* **TASK DETAILS**:
Repeat the data below exactly, dropping any pictures it holds.

--- DATA SEGMENT Enclosed Below ---

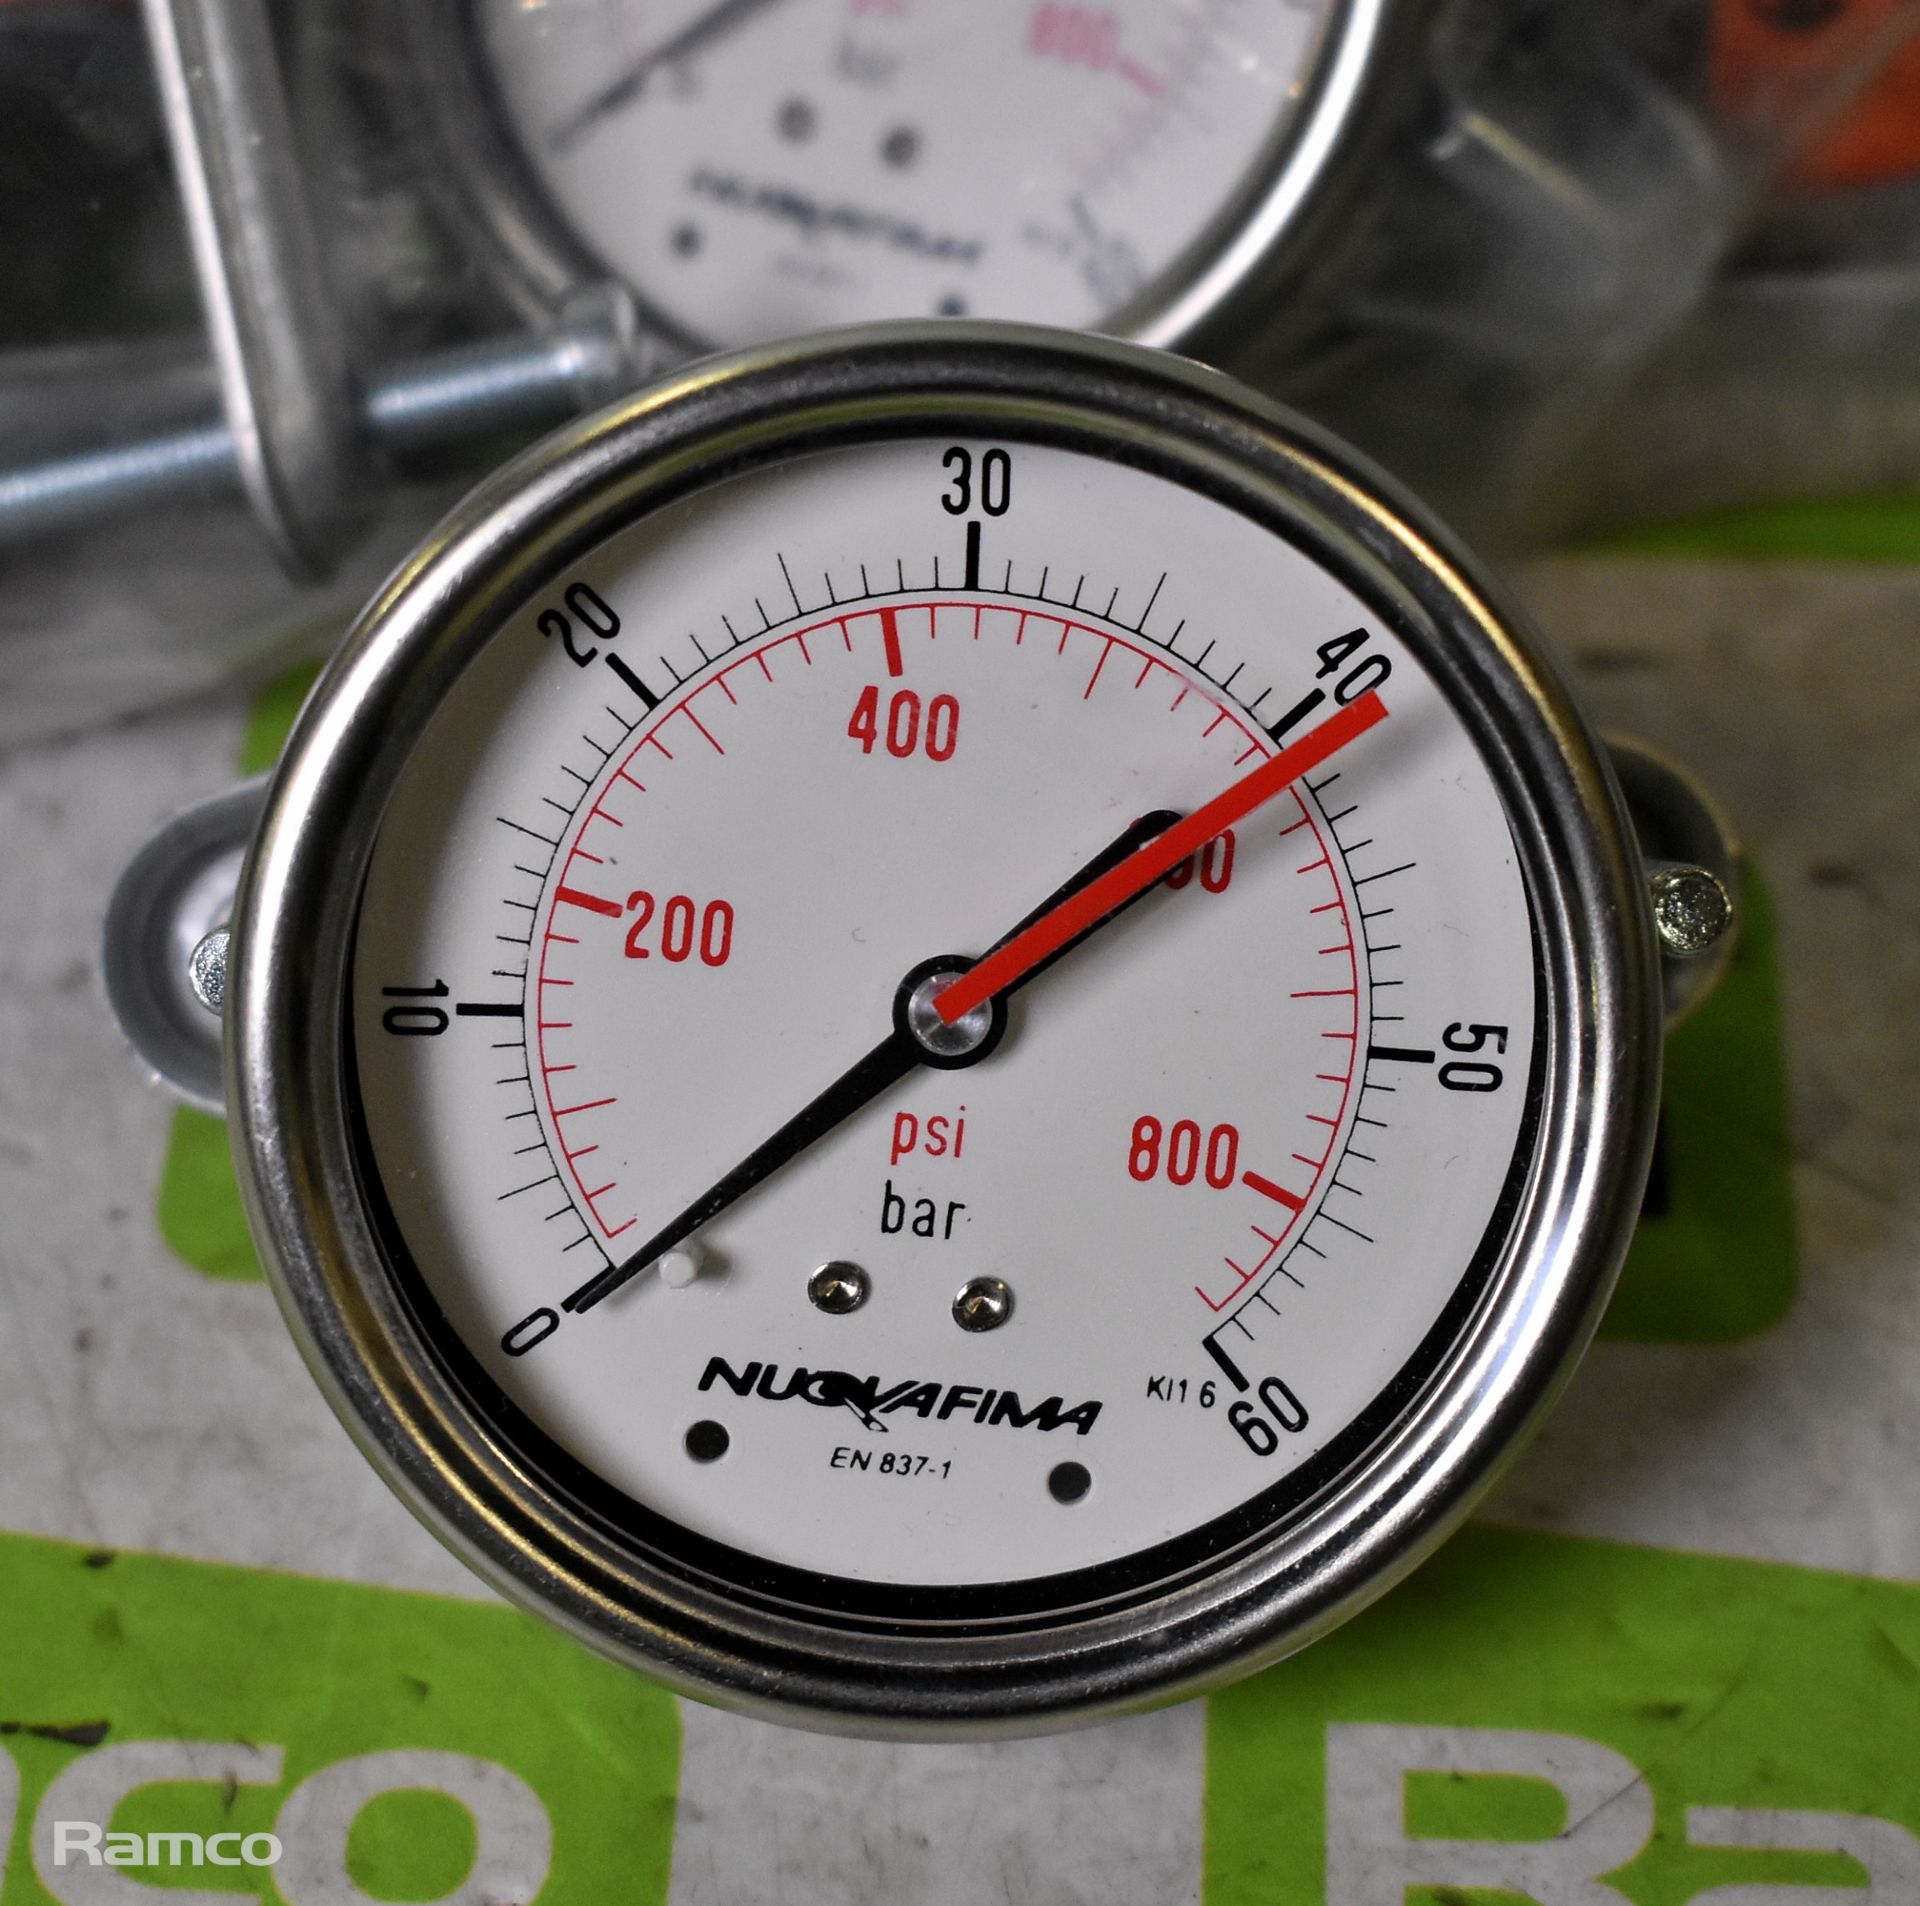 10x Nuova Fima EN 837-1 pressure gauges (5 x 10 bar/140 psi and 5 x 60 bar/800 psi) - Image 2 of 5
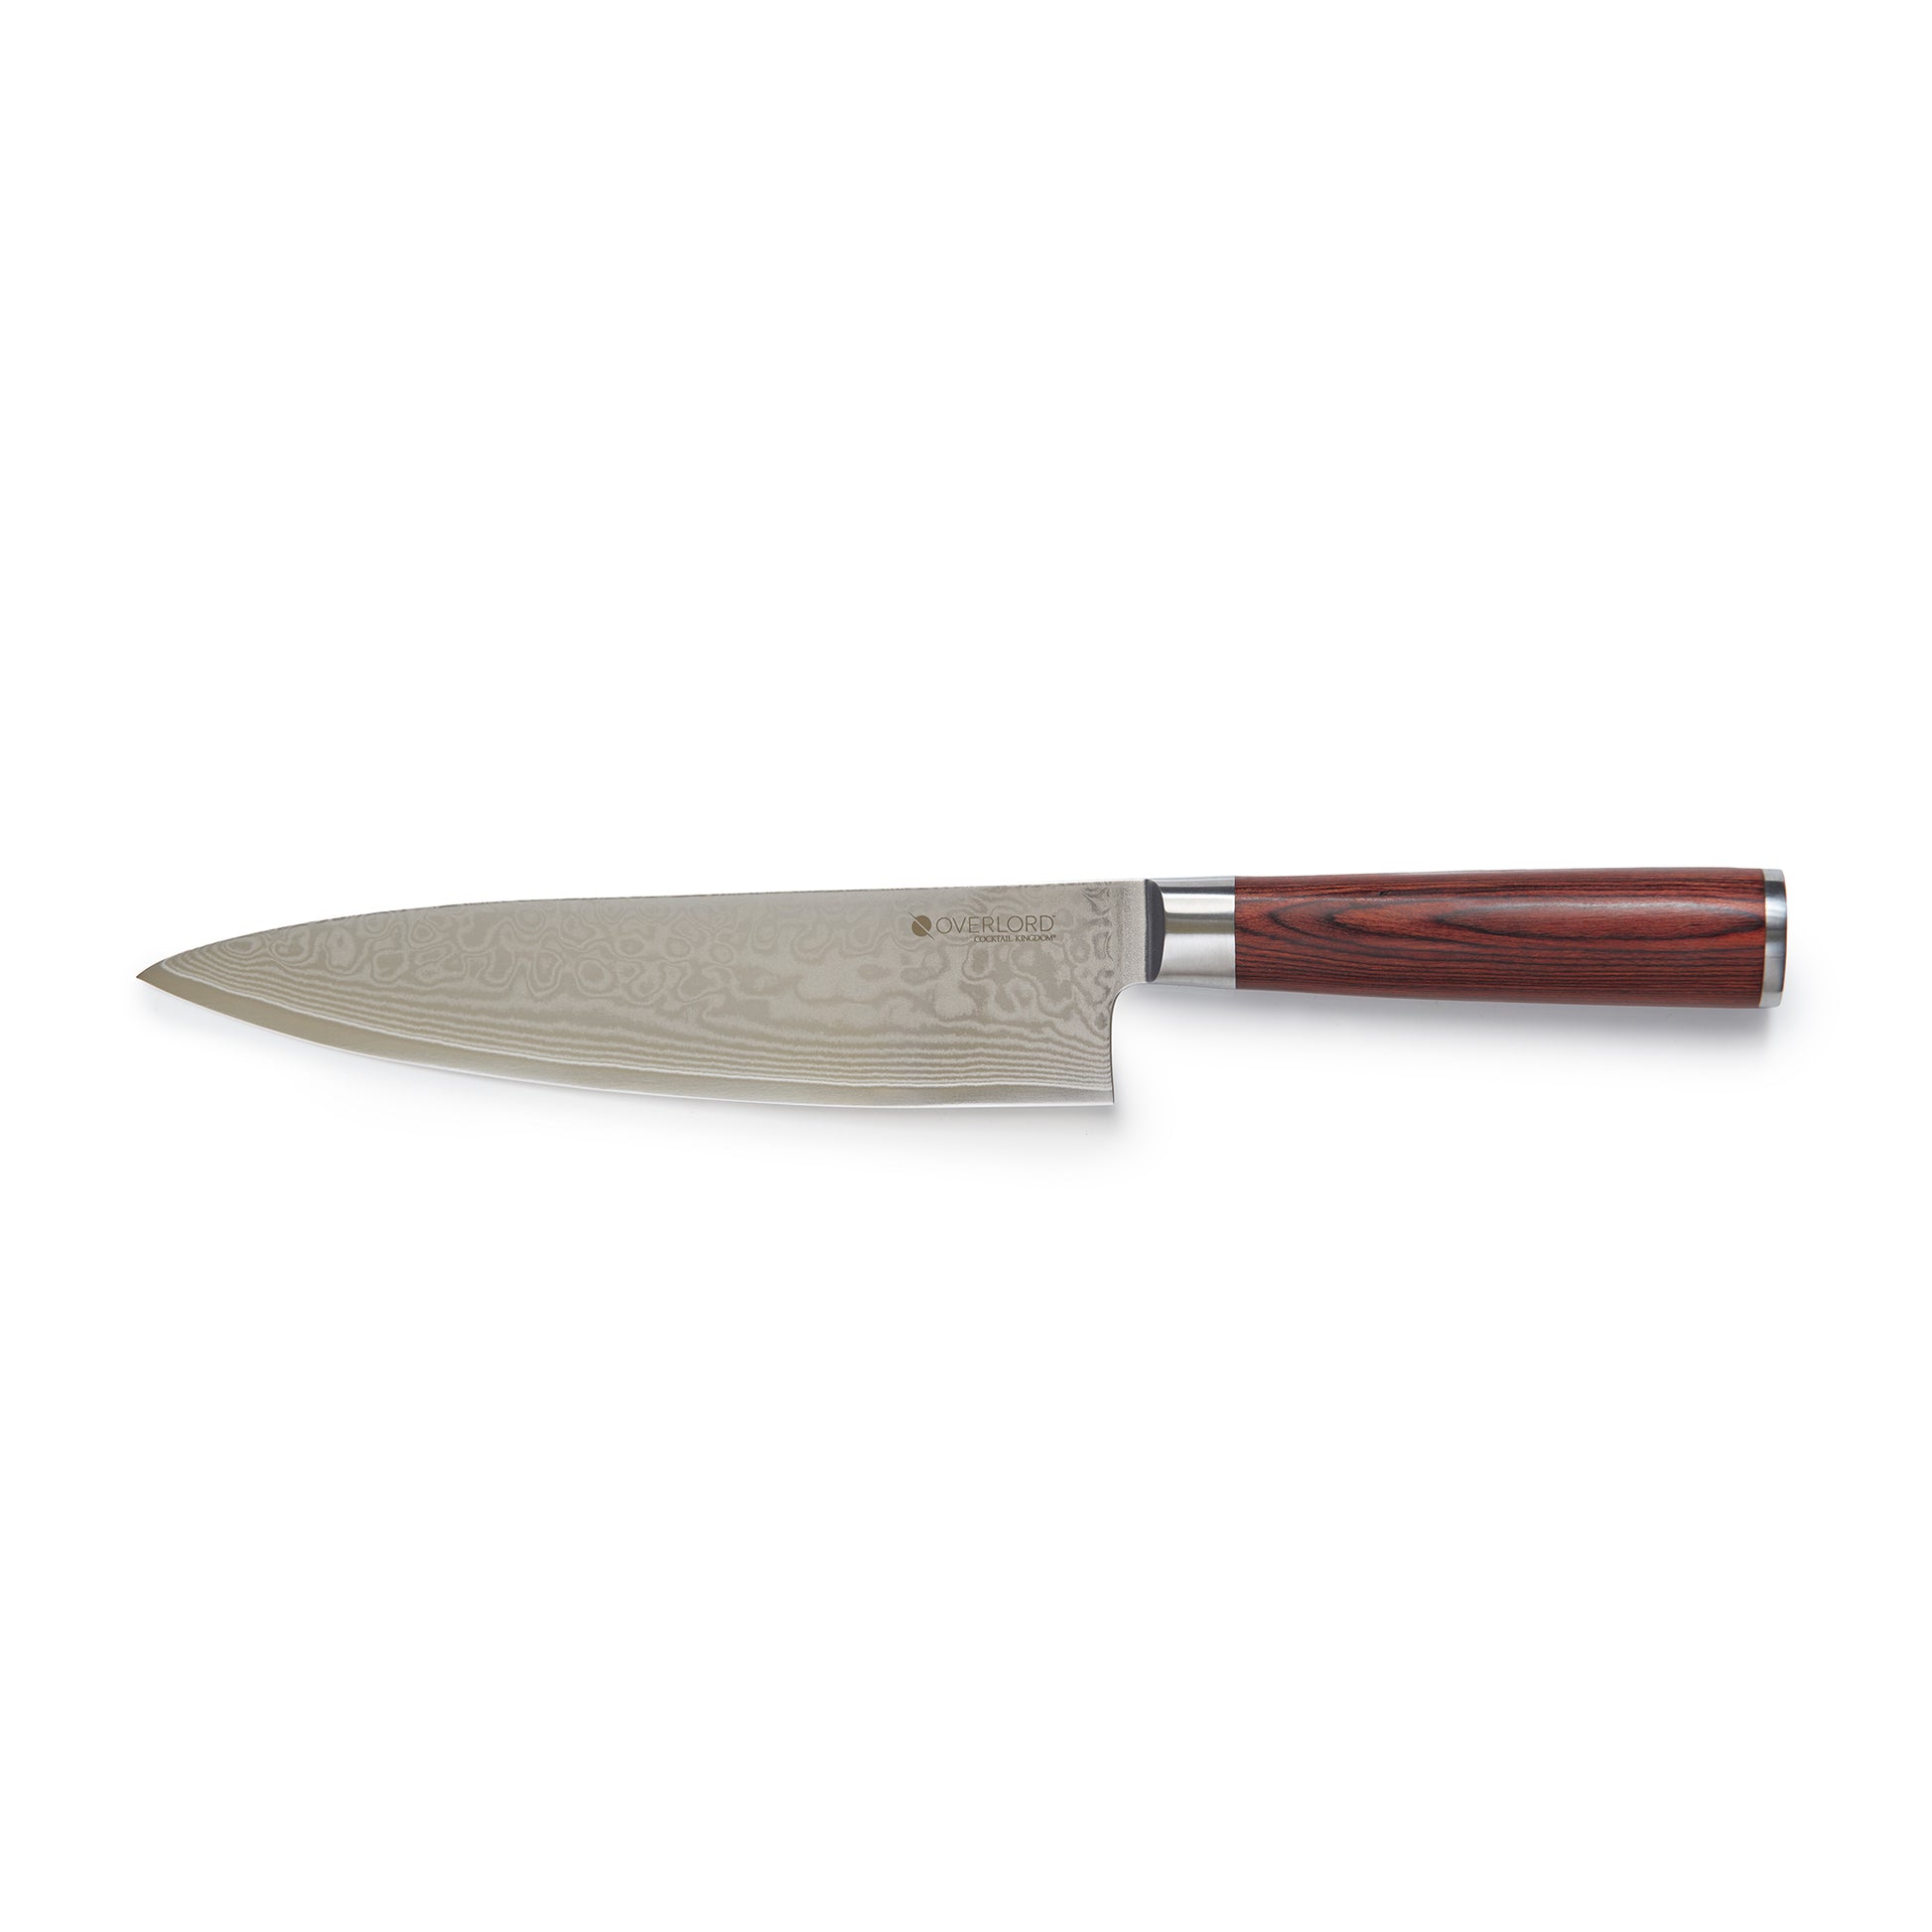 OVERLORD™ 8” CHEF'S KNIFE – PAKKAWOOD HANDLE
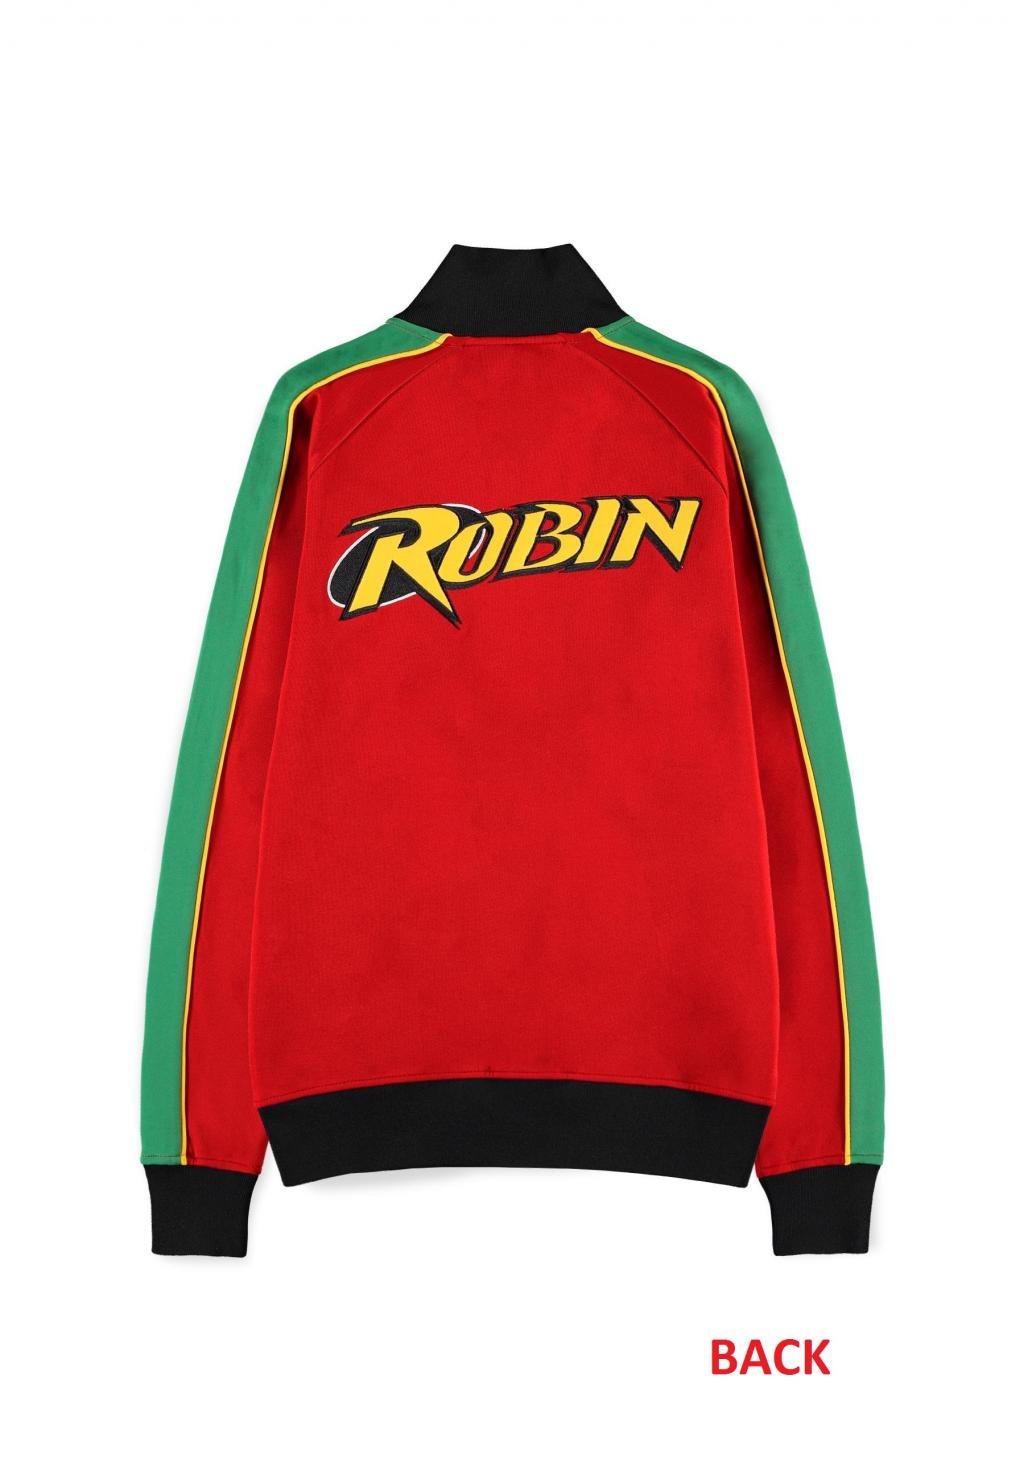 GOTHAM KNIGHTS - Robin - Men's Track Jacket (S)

--- End of Enclosed DATA SEGMENT ---

* **ANSWER SECTION**:
 10x Nuova Fima EN 837-1 pressure gauges (5 x 10 bar/140 psi and 5 x 60 bar/800 psi) - Image 2 of 5
 OVERLORD™ 8” CHEF'S KNIFE – PAKKAWOOD HANDLE
 GOTHAM KNIGHTS - Robin - Men's Track Jacket (S)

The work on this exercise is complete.